Insights

The challenges of decarbonization

Wed 01 Mar 2023

The decarbonization effort we will make the day after tomorrow will be infinitely more costly than the one we are ready to make today.

The fight against global warming requires a profound economic and social transformation that must happen at all levels: State, companies, and citizens. This is one of the most pressing challenges if we are to meet ourcommitments to carbon neutrality.

One of the responses to climate change is decarbonization. This field of action, also known as decarbonization, refers to the range of measures implemented to reduce the carbon footprint: by shifting from fossil fuels to less GHG-emitting sources, but also through energy efficiency and greater sobriety.

In industry, decarbonation is a necessity for all companies to improve their competitiveness and meet environmental challenges.

Decarbonization objectives, i.e., the reduction of CO2 emissions, are gaining ground among manufacturers and are becoming criteria of choice for customers, namely energy efficiency, greener energy mix...

The issue is the intensity and pace of ecological change. Above all, it is a question of providing ourselves with the means for this change. It is a question of:

  • Improving the efficiency of production and the energy efficiency of equipment and services, thus consuming less energy;
  • Modifying supply chains and relocating some production;
  • Developing tomorrow's technologies necessary for the proper functioning of industry and for the continuity of services offered;
  • ... and investing massively to establish the factories that will guarantee the production of these new products or devices close to consumers and markets.

Decarbonization challenges linked to the company's development

By catalyzing an energy crisis of unprecedented proportions, the war in Ukraine has highlighted the awareness of the strategic nature of energy supply. The last few months have been revealing in many ways.

The challenges of decarbonization for manufacturers are technical, economic, financial, and social. The strategy that results from this must go hand in hand with the company's development, in addition to its digital transition, and be part of the decarbonized trajectory of its territory.

Companies that organize themselves today by opting for investments and production processes that promote energy efficiency and, more broadly, decarbonation, should:

  • Best preserve their competitiveness, and in particular the impact of CO2 emissions on the price of their products.
  • Avoid the environmental obsolescence of their production tools
  • Gain the trust of new customers with concrete evidence of their actions in favor of CO2 emissions reduction.

National sovereignty challenges

Regulatory power does not create sovereignty or capacity.
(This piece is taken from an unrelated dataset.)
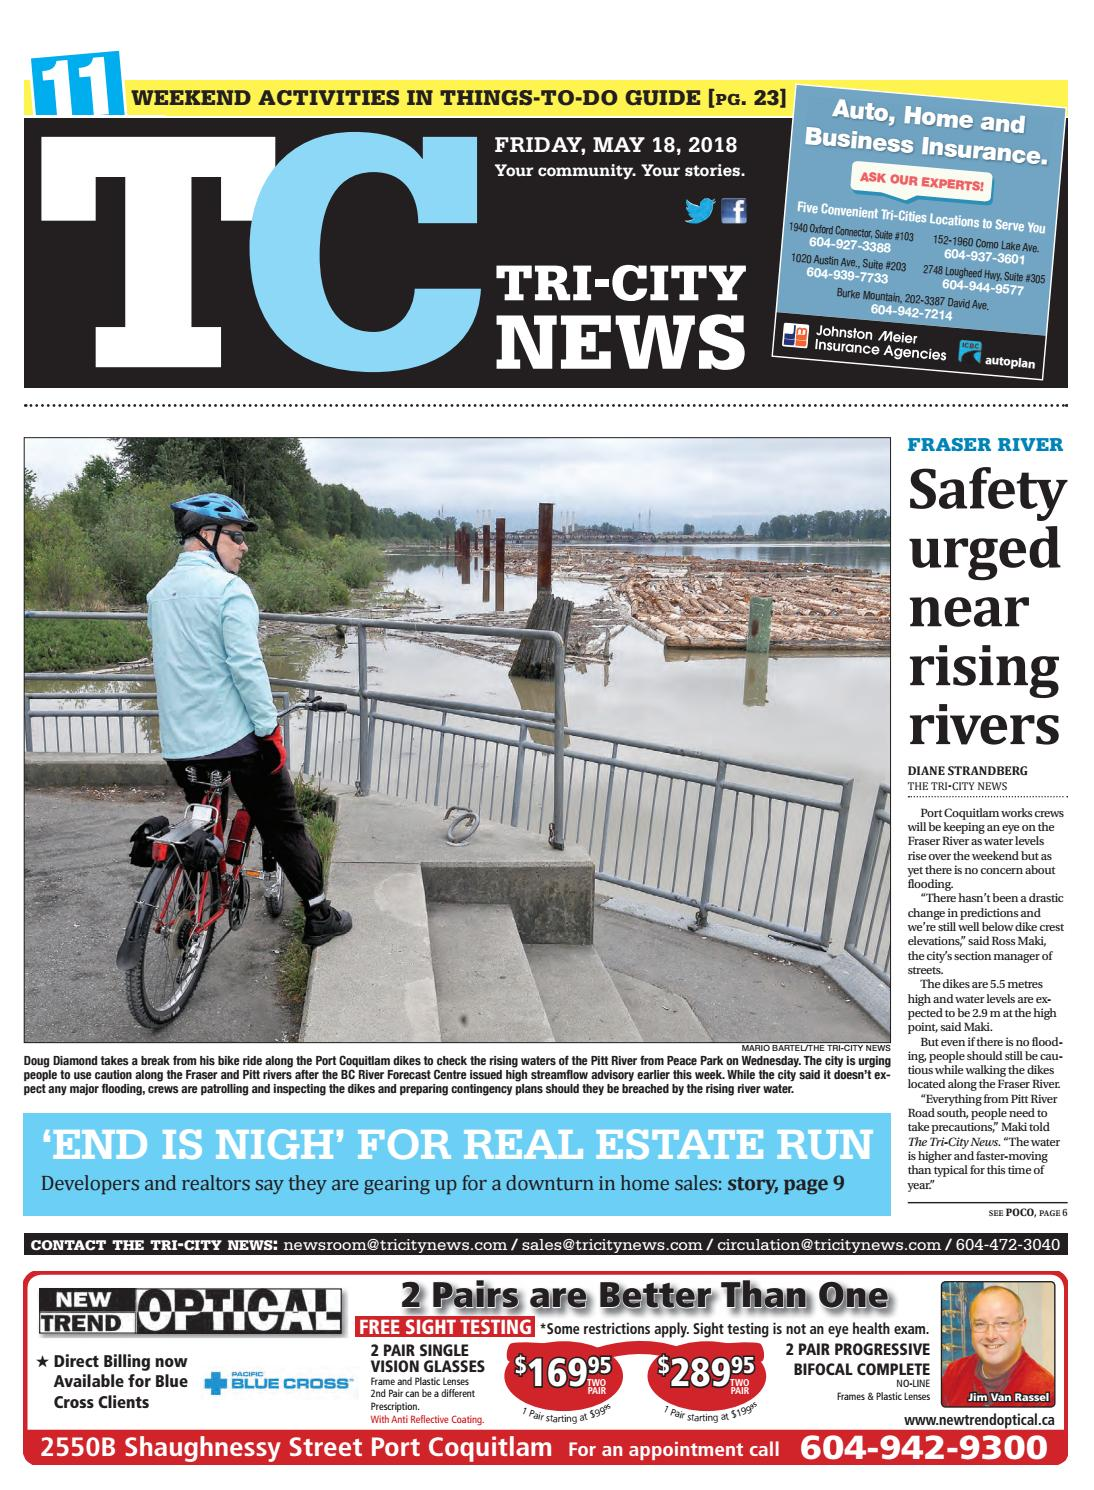 634a7f24d7 Tri-City News May 18 2018 by Tri-City News - issuu

It is an asset if it complements a massive and comprehensive industry support system. Indeed, the more companies are able to maximize resource efficiency, the more independent, competitive and sovereign they will be in a world where resources are becoming scarce and climate ambitions are increasing.

Being economically autonomous is therefore not only about reducing its trade deficit but also about reducing its environmental debt.

The declared ambition of States to transform, support and protect their industries, and to maintain their competitiveness on a global playing field, must not call for responses that are likely to trigger trade or diplomatic wars. It acts above all as a powerful reminder of the imperative need to seize the opportunity of this urgent transformation.

In the commercial or energy battle, as in the fight against climate change, we must surpass ourselves or bear the consequences.

Concrete actions to decarbonize

To meet the targets set, the industry sector must generate 20% energy efficiency gains between 2010 and 2030, per ton produced. Three main levers must be activated simultaneously or progressively to decarbonize the activity:

  • Energy efficiency: optimizing energy sources;
  • The energy mix: integrating renewable and recovered energies;
  • Production efficiency and recycling: using less materials or more recycled ones.

From upstream to downstream, all industrial players are concerned. The more a value chain shares the objective of decarbonization, the better the results. It is the very principle of the circular economy.

The decarbonization effort we will make the day after tomorrow will be infinitely more costly than the one we are ready to make today.